Victims Slept in Overcrowded Conditions, often on Massage Tables or Mattresses on the Floor

WOBURN – A Medford woman has been found guilty and sentenced to five years in state prison for running an extensive human trafficking and money laundering operation, Attorney General Maura Healey announced today. The criminal enterprise included illegal activity in Bedford, Billerica, Medford, Reading, Wilmington and Woburn.
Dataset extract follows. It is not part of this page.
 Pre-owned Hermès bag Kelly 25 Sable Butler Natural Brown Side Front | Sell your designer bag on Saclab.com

On Dec. 3, after a five-day trial, a Middlesex Superior Court jury found Xiu J. Chen, 38, guilty of Trafficking of Persons for Sexual Servitude (6 counts), Conspiracy to Traffic Persons for Sexual Servitude (6 counts), Deriving Support from Prostitution (5 counts), Keeping a House of Ill Fame (5 counts) and Money Laundering (4 counts).
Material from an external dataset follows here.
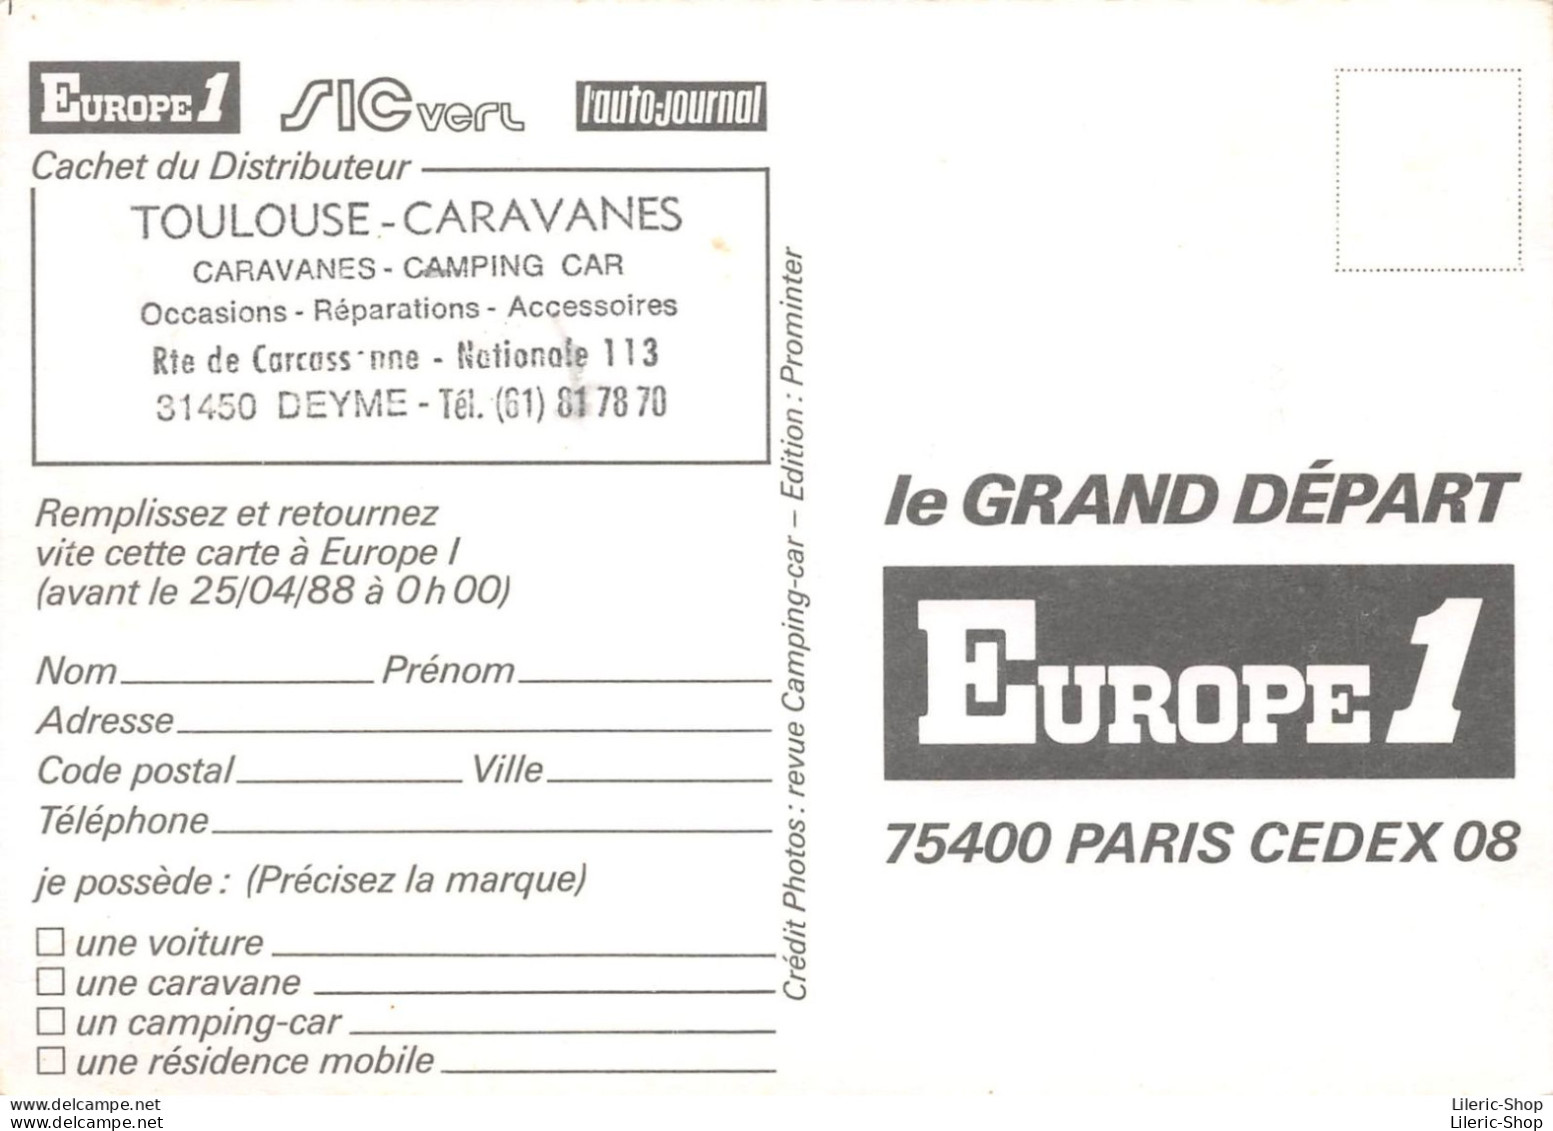 CARTE PUBLICITAIRE CARAVANE CARAVANING - Cachet Distributeur "TOULOUSE CARAVANES" - LE GRAND DEPART EUROPE 1 - Publicité

On Wednesday, Middlesex Superior Court Judge Bruce R. Henry sentenced Chen to five years to five years and a day in state prison, with three years of probation after completion of her sentence, during which she cannot have contact with the victims or her codefendant, Ronald Keplin, and cannot work in bodywork or massage establishments.

“This defendant operated an extensive and lucrative criminal enterprise by setting up massage parlors as fronts for human trafficking and bringing victims to Massachusetts to engage in sex,” said AG Healey. “We will continue to investigate and prosecute those who exploit and prey on others to make a profit.”
Chen was arrested in May 2013 after an investigation by Massachusetts State Police assigned to the AG’s Office and agents from U.S. Immigration and Customs Enforcement’s Homeland Security Investigations (HSI), with assistance from various local police departments. Chen was indicted by a Middlesex Superior Grand jury in June 2013.
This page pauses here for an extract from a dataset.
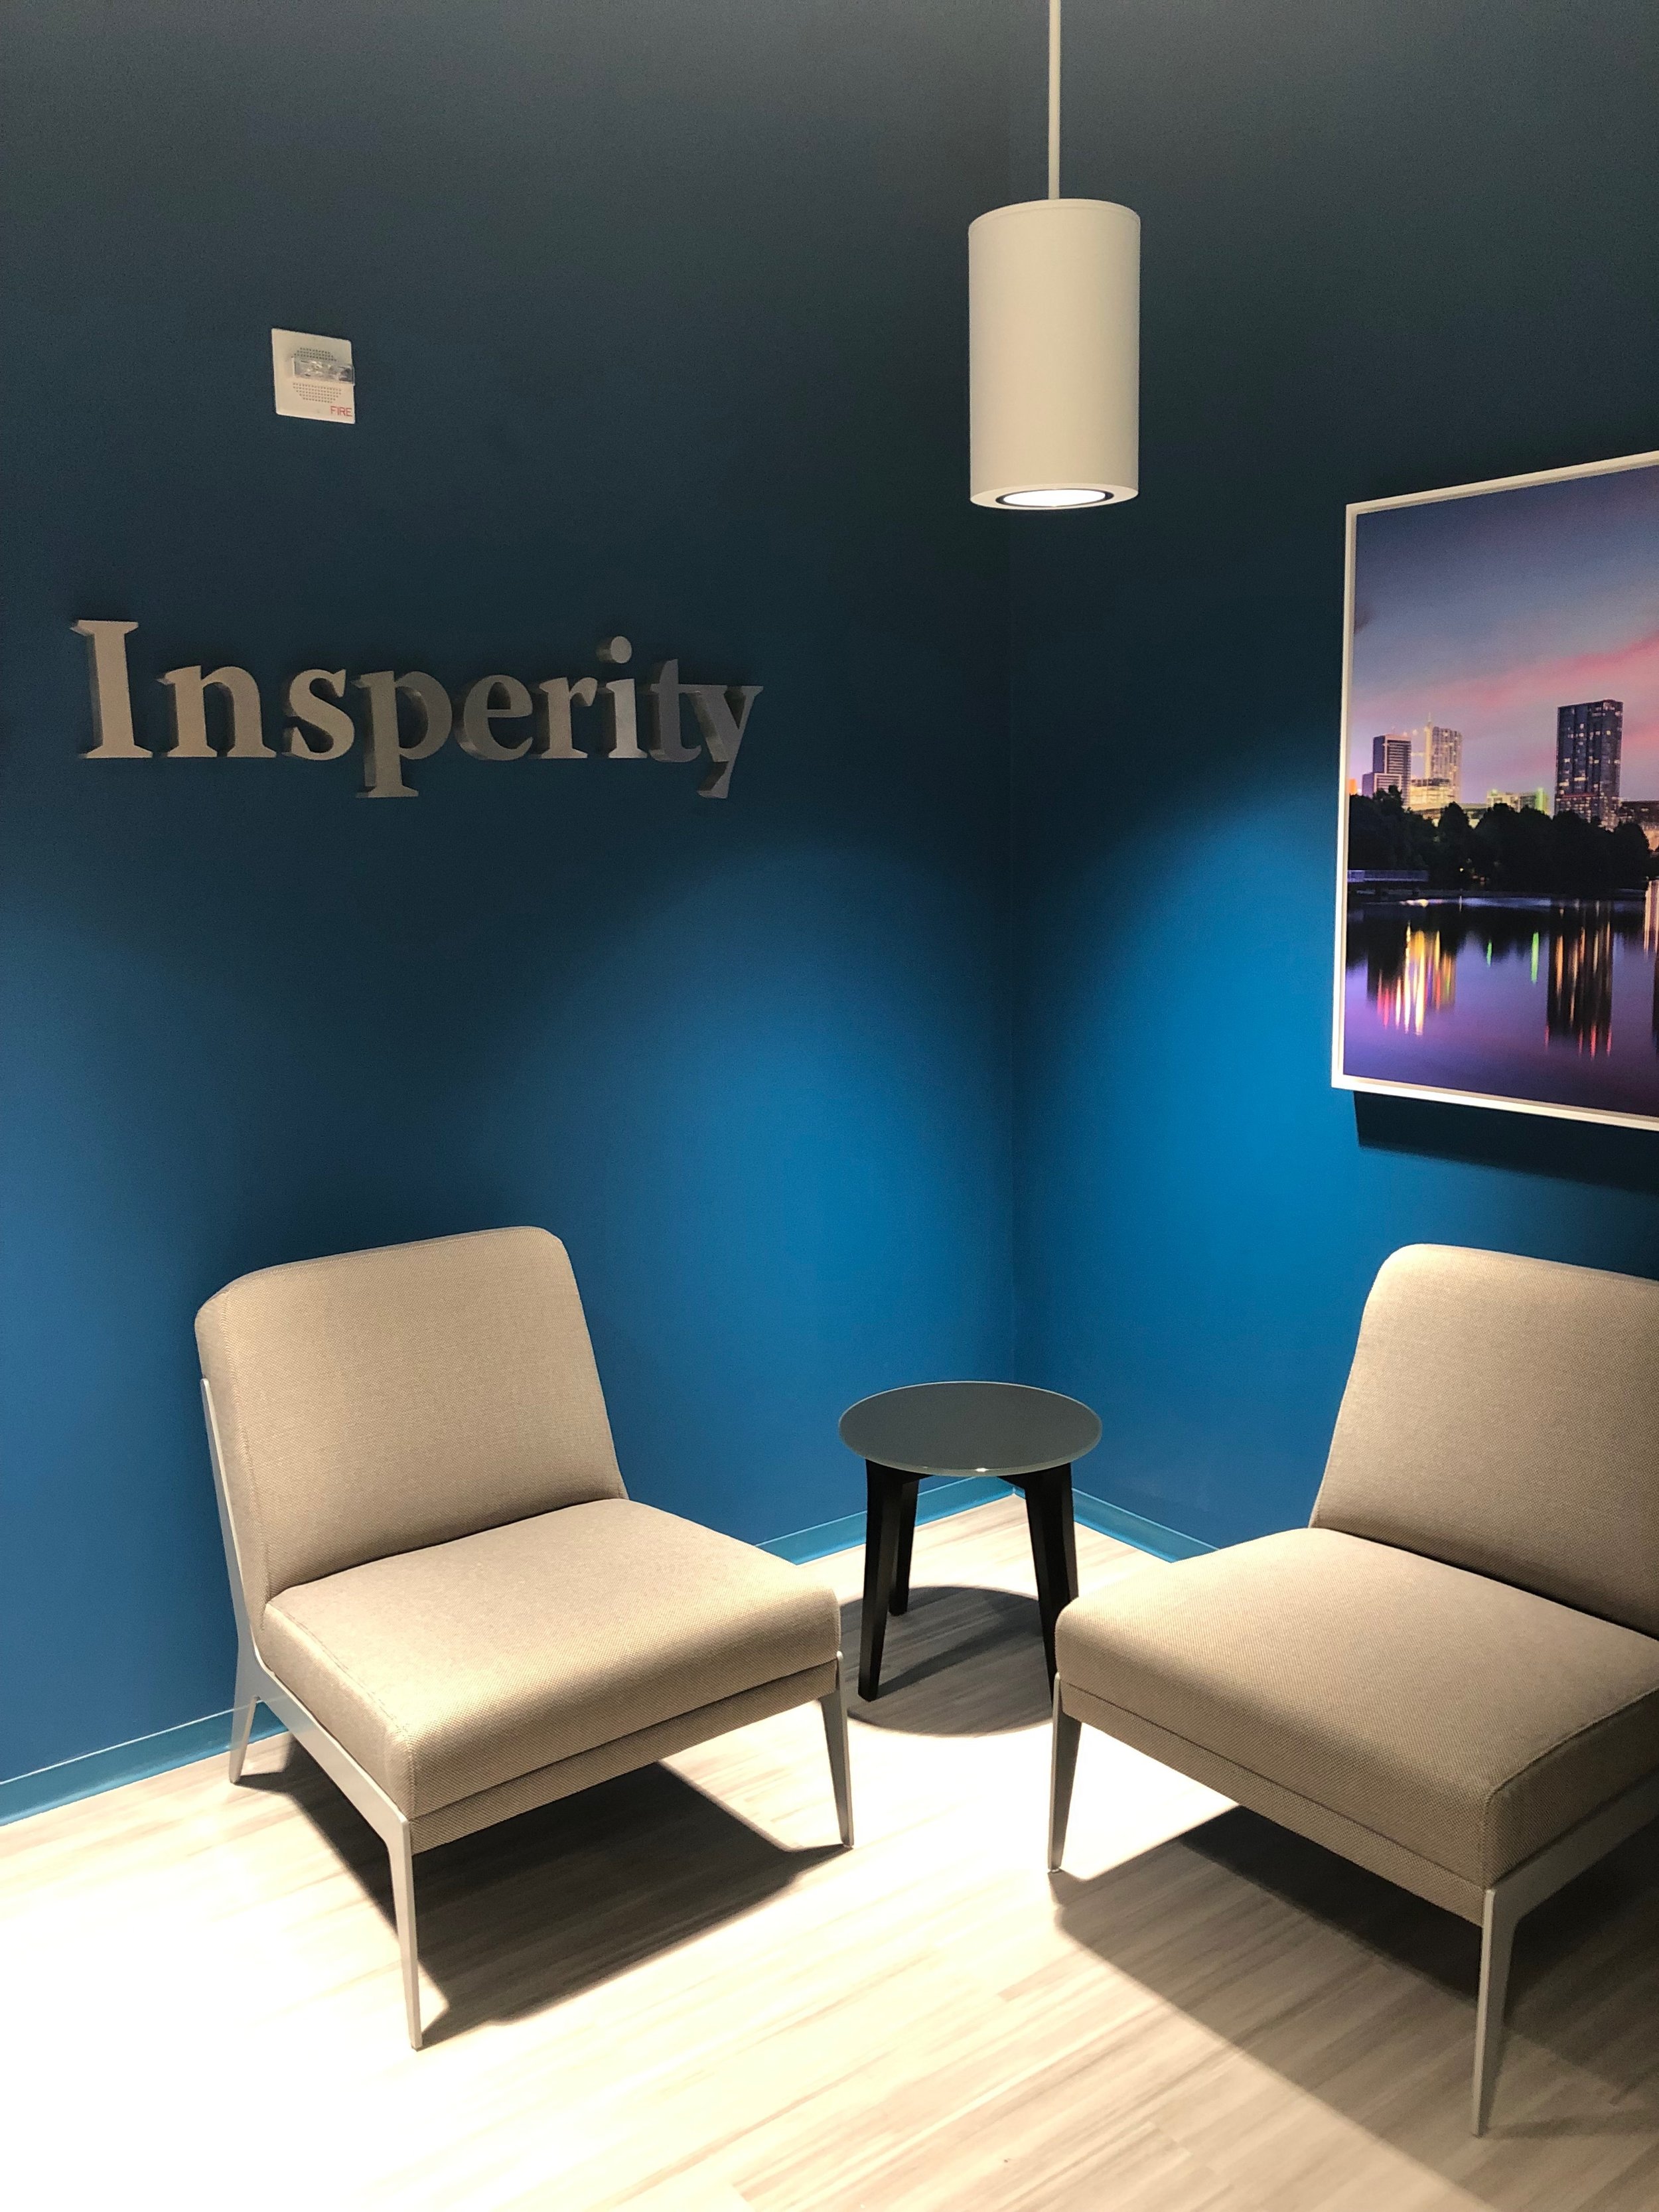 Insperity Office

Chen operated multiple businesses portrayed as massage parlors that were in fact fronts for an extensive human trafficking and money laundering operation. Chen characterized and advertised these businesses as providing “bodyworks” services. Those businesses were:

·         Bedford Asian Bodywork a/k/a Bedford Wellness Center – Bedford, MA
·         Shrine Spa a/k/a Billerica Bodywork a/k/a Boston Chinese Club – Billerica, MA
·         Mystic Health Center – Medford, MA
·         Body Wellness Center – Reading, MA
·         Asian Bodywork a/k/a Woburn Wellness Bodywork – Woburn, MA

The AG’s Office alleges that Keplin, 63, of Woburn, ran Body Language in Wilmington. Chen was convicted of trafficking victims at that location. 

During the course of the investigation, authorities developed evidence indicating that Chen was the leader of this operation and, through the businesses, offered commercial sexual activity between women and clients in exchange for a fee.
Chen recruited the women from New York to work in the parlors, advertised commercial sexual activity online, set up the appointments for all locations, and managed the financial aspects of the organization.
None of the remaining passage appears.